Asian shares hit 18-month high after new Wall Street records

Technology shares, including Amazon, propelled US benchmarks to fresh record highs.

Tokyo Skyline (Bloomberg)
Asian shares have been rising on hopes of a resolution to the US-China trade war, with Japan's Nikkei 225 index heading for a 20 percent gain in 2019 [File: Akio Kon/Bloomberg]

Asian shares jumped to an 18-month high on Friday while gold and oil prices stayed buoyant in a holiday-shortened week, following another record-setting rally on Wall Street.

On Thursday, the Nasdaq index rose above the 9,000-point mark for the first time as all three major Wall Street indexes posted record closing highs, boosted by optimism over United States-China trade relations and gains in shares of Amazon.com after a report signalled robust online holiday sales.

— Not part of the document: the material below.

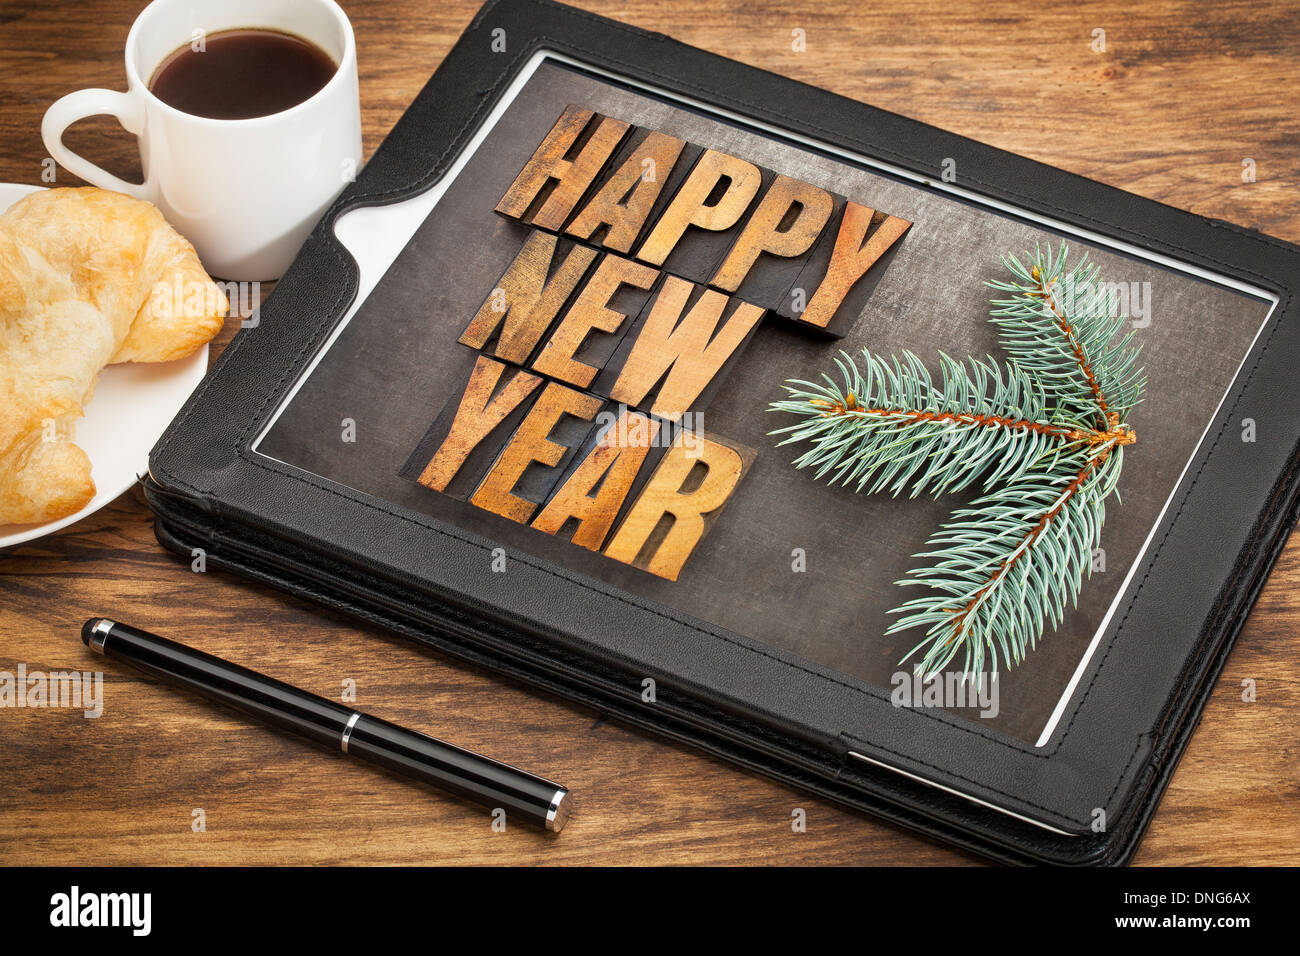 Bonne année dans la typographie type bois sur un ordinateur tablette numérique avec stylet, tasse de café et pâtisserie Banque D'Images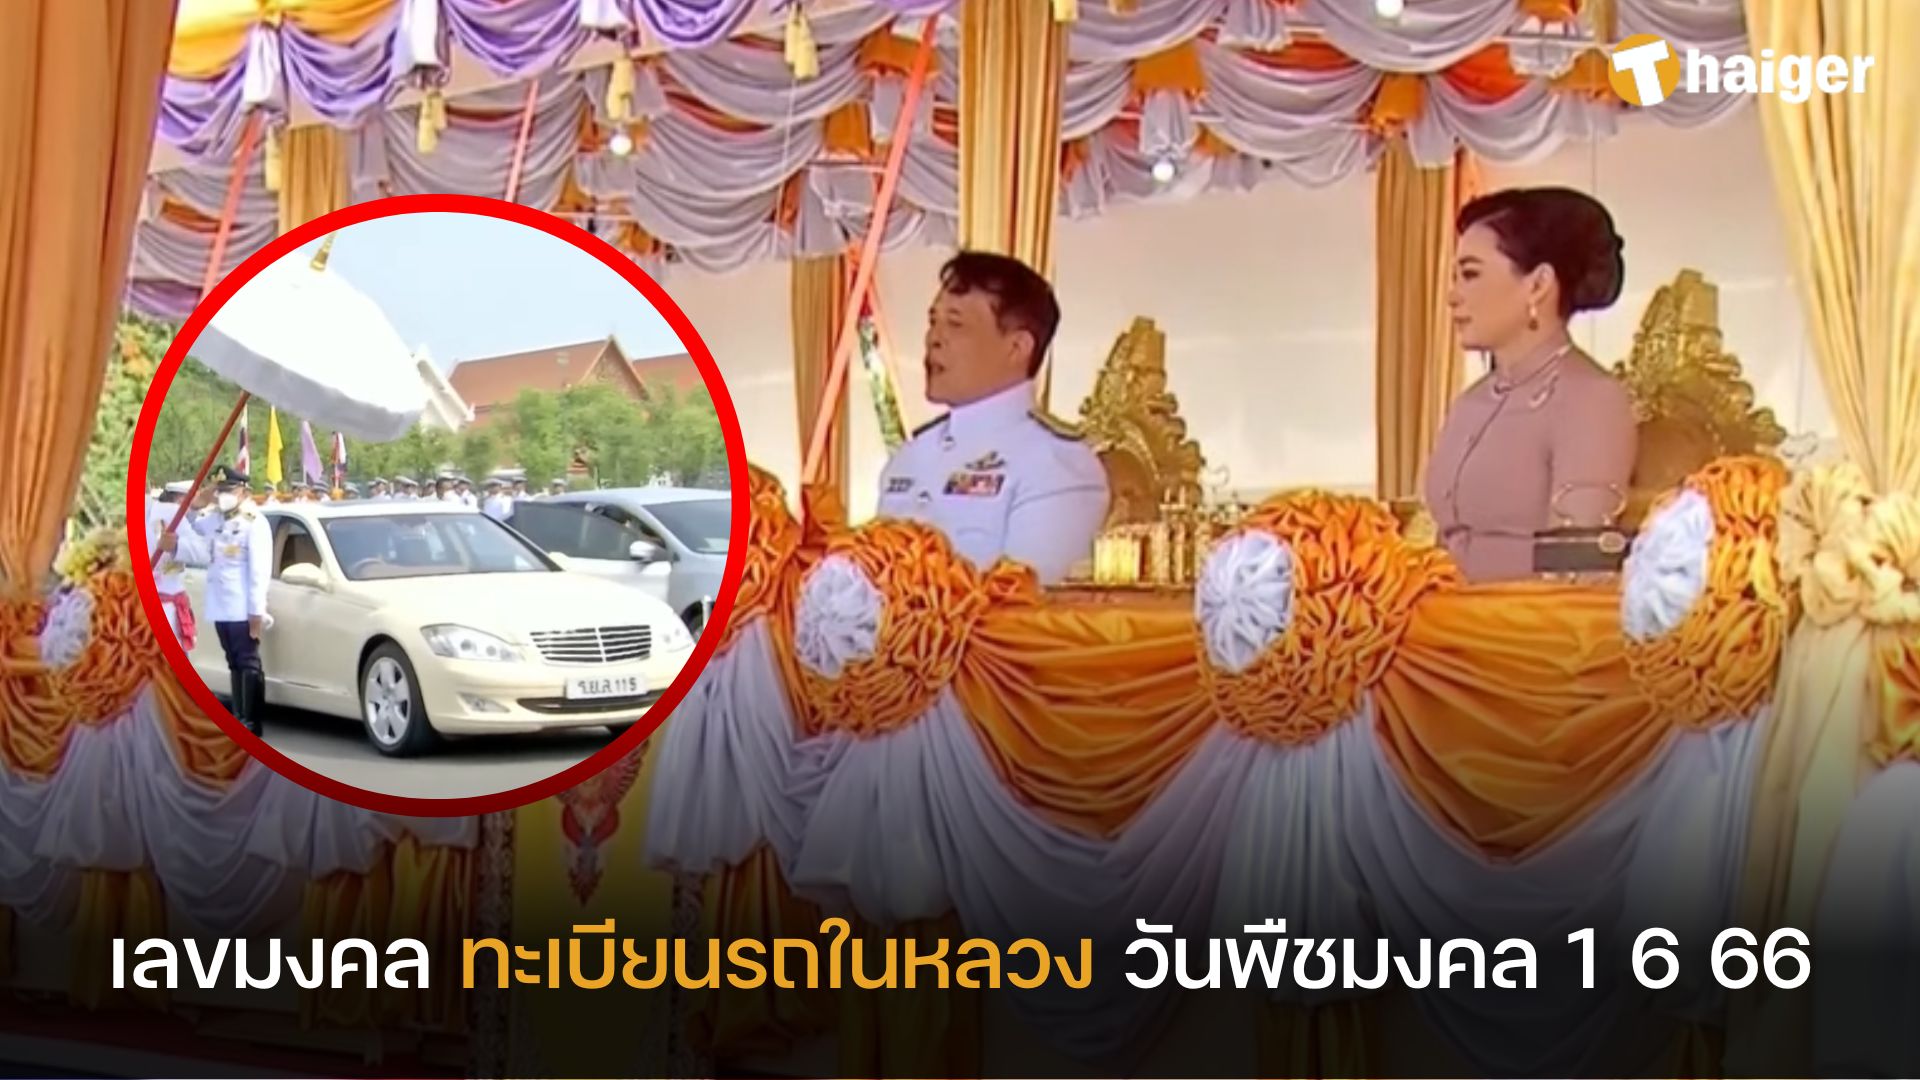 เลขเด็ดวันพืชมงคล ทะเบียนรถในหลวง เสด็จฯ พิธีจรดพระนังคัลแรกนาขวัญ |  Thaiger ข่าวไทย

Traders returned from their Christmas and Boxing Day breaks to digest comments from Beijing that it was in close contact with Washington about an initial trade agreement, shortly after US President Donald Trump talked up a signing ceremony for the recently struck Phase 1 trade deal.

MSCI’s broadest index of Asia-Pacific shares outside Japan jumped 0.55 percent to 555.25, a level not seen since mid-2018. It is up about 16 percent so far this year.

Japan’s Nikkei was flat, but on track for a near 20 percent rise this year, the biggest annual increase since 2013.

The country’s industrial output slipped for a second straight month in November in another sign the economy is cooling. Japan has approved a record budget for the coming fiscal year, in a bid to shore up growth.

Australia‘s benchmark index rose 0.2 percent while Chinese shares were upbeat after Beijing laid out additional plans to bolster its economy, including infrastructure investments. The blue-chip CSI300 added 0.56 percent.

The rally in global share indices is in sharp contrast to a plunge late last year when fears about the effect of the Sino-American trade war had sapped investor confidence.

The worries scuttled capital expenditure plans over much of 2019, but strong employment and signs of an improving global economy suggest that will change next year.

The US Federal Reserve’s policy easing, economic data that has come in above expectations, and strong corporate profits have helped lift stocks this year along with trade-related optimism.

“A lot of robust sentiment toward the end of 2019 – but we need to see that translate into the underlying real economy going into 2020,” Ann Berry, a partner at Cornell Capital LLC, said on Bloomberg TV. “It’s astonishing that you’ve had a period of rate cuts that we have seen, and yet that investment in capital goods has not gone up in the way that you’d expect.”

Market participants are now waiting for fourth-quarter earnings in January for indications as to whether sentiment among corporates has actually improved.

Overnight, MSCI’s all-country world index and Wall Street’s Dow Industrials, the benchmark S&P 500 and the technology-rich Nasdaq all closed at record highs.

MSCI’s gauge of stocks across the globe gained 0.38 percent to a record, on track for its best year since 2009. The index has gained 24 percent this year.

Wall Street was boosted overnight by US-China trade optimism and gains in Amazon.com.

Amazon shares jumped 4.4 percent after Mastercard said US shoppers spent more online during the holiday season than in 2018, with e-commerce sales hitting a record.

Oil, gold retain gains

Both oil and gold held on to their recent gains.

Brent crude, the global benchmark, extended gains into a fourth session, hitting $68.09 per barrel, the highest since mid-September. US West Texas Intermediate crude gained 14 cents to $61.82 a barrel.

Brent has rallied about 25 percent in 2019, supported by supply cuts by OPEC and allies including Russia.

Gold prices were a bit shy of a two-month high at $1,509.29 an ounce. They have been on the rise recently as a hedge against dollar weakness and increased equity market volatility in 2020.

The rally in oil and gold boosted commodity-linked currencies with the New Zealand dollar up 0.6 percent and the Australian dollar up 0.3 percent.

The US dollar was slightly weaker against the Japanese yen at 109.47.